Date
Data management: what it is, best practices, and platforms used
Regardless of their size and type of business, companies are dealing every day with an increasing amount and variety of data from an increasingly complex type of sources.
The informational value of data represents enormous potential for the enterprise, but it must be extracted from a raw base, prepared and made available for analytical applications, which through machine learning and other artificial intelligence techniques are able to produce unprecedented results from a descriptive, predictive and generative perspective.
To manage data and exploit it efficiently, the know-how and experience of individuals is no longer sufficient.
Manual operations can no longer keep up with the numerics and complexity of data, especially given the need to analyze it in real time.
Therefore, there is a need to structure a data management strategy that can account for all aspects of data in an increasingly data-driven and customer-centric environment.
In some ways, data management is a practical and consistent response to the corporate data culture.
For many, this is a novelty in the digital age, but we are talking about a process that made its appearance as far back as the 1960s, with the spread of the first mainframe databases, systems capable of managing data according to a predetermined hierarchy.
They were the ancestors of relational databases, which saw their debut in the 1960s and would spread profitably from the 1980s onward, until, in the 1990s, the arrival on the market of modern data warehouses, systems capable of guaranteeing end-to-end data quality necessary for analytical applications.
More recent years have seen the emergence of NoSQL databases, capable of handling even unstructured data, as well as systems such as data lakes, capable of storing huge amounts of data even in raw form, without having to transform them a priori, but only when they prove useful for analytical applications.
Today, with the spread of the cloud, an increasingly hybrid dimension of enterprise IT systems is being configured, and new concepts are being introduced, this time focused on data visibility, such as data fabric and data observability, whose applications enable a unified view regardless of their location, so that they can be managed in one virtual place.
Let’s look at what data management consists of, what the data manager does, and what are the best practices and most significant challenges related to data management in the enterprise.
What is meant by data management
In other words, Data management consists of all activities associated with the management and governance of enterprise data.
In the first instance, data management takes on a strategic connotation to generate added value from the data that companies have.
In order for their analysis to take place efficiently, they need to be managed in an organized manner, addressing a number of challenges and risks that also include aspects related to cybersecurity and the privacy of the data themselves, in accordance with the provisions of the GDPR and the main industry regulations.

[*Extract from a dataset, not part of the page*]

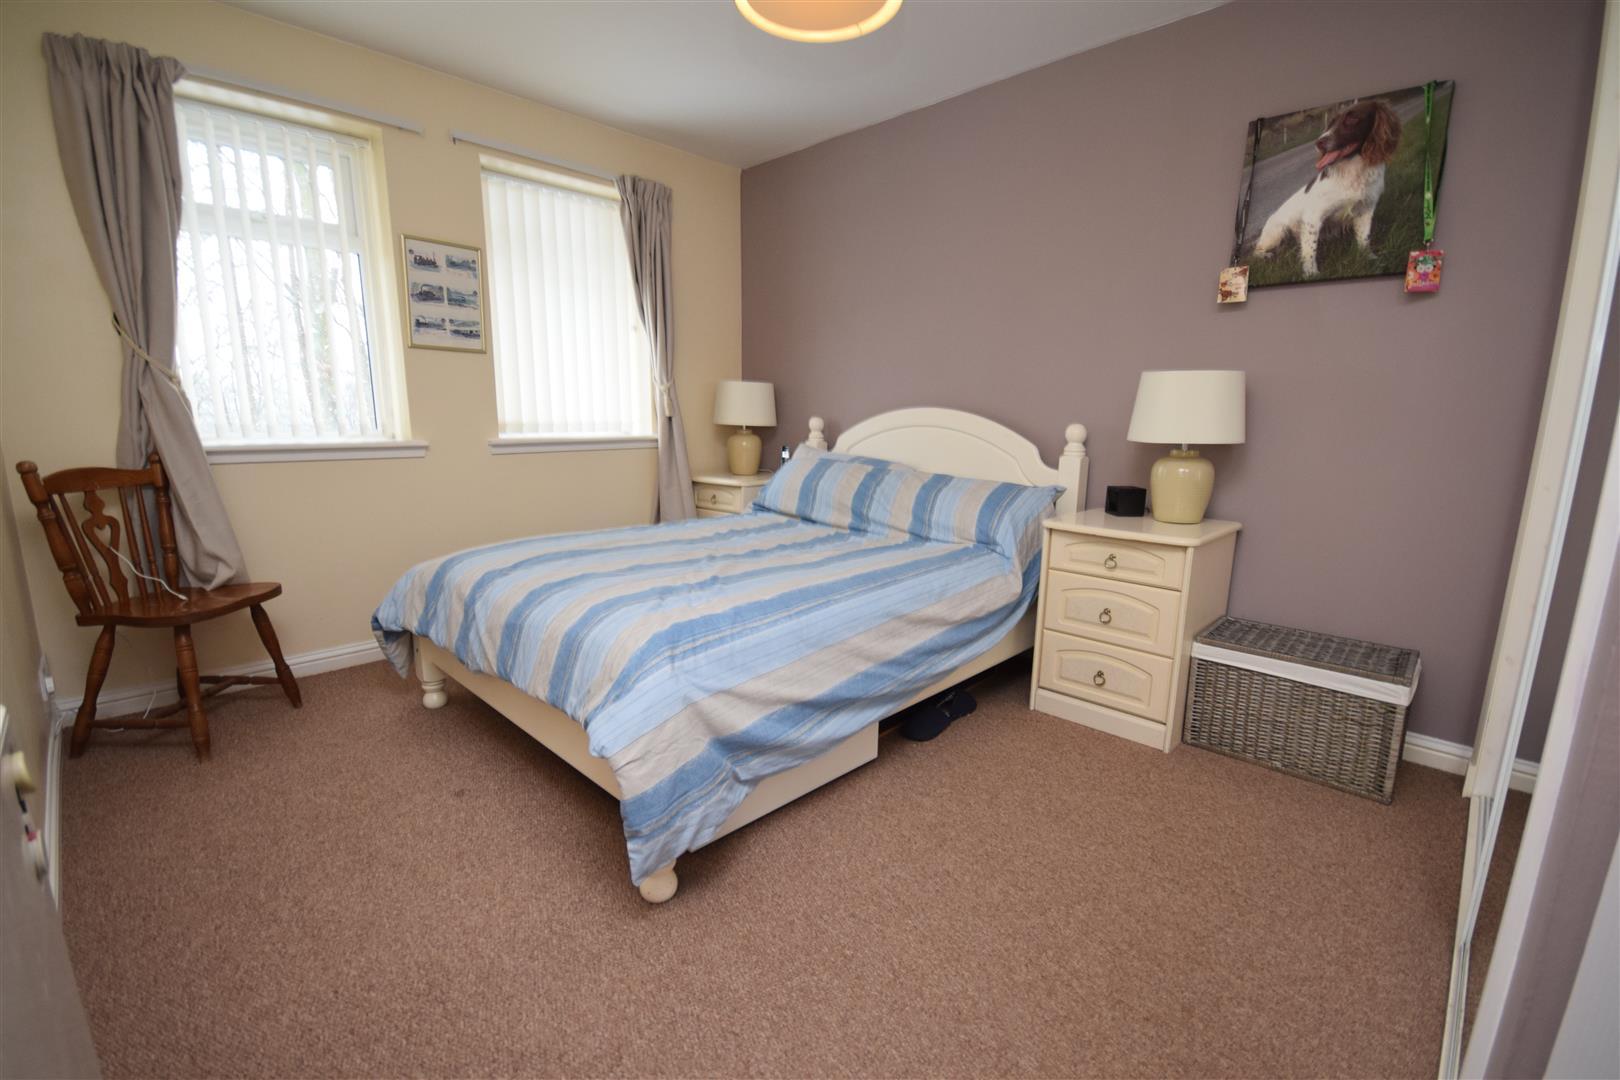 1A Sunnybank, Ballinluig, Pitlochry, Perthshire, PH9 0LG, UK

The proliferation of IoT systems has recently made the scenario related to data acquisition even more heterogeneous, through dedicated sensor technology, smart devices, and audio-video content continuously streamed in multimedia.
For example, when considering customer relationships, it is no longer possible to consider only the structured data in a CRM.
In order to know them better, it is necessary to treasure all the interaction data with business communication channels: website, e-commerce, social media, in-store exhibits, and all the other touchpoints included in the omnichannel strategy.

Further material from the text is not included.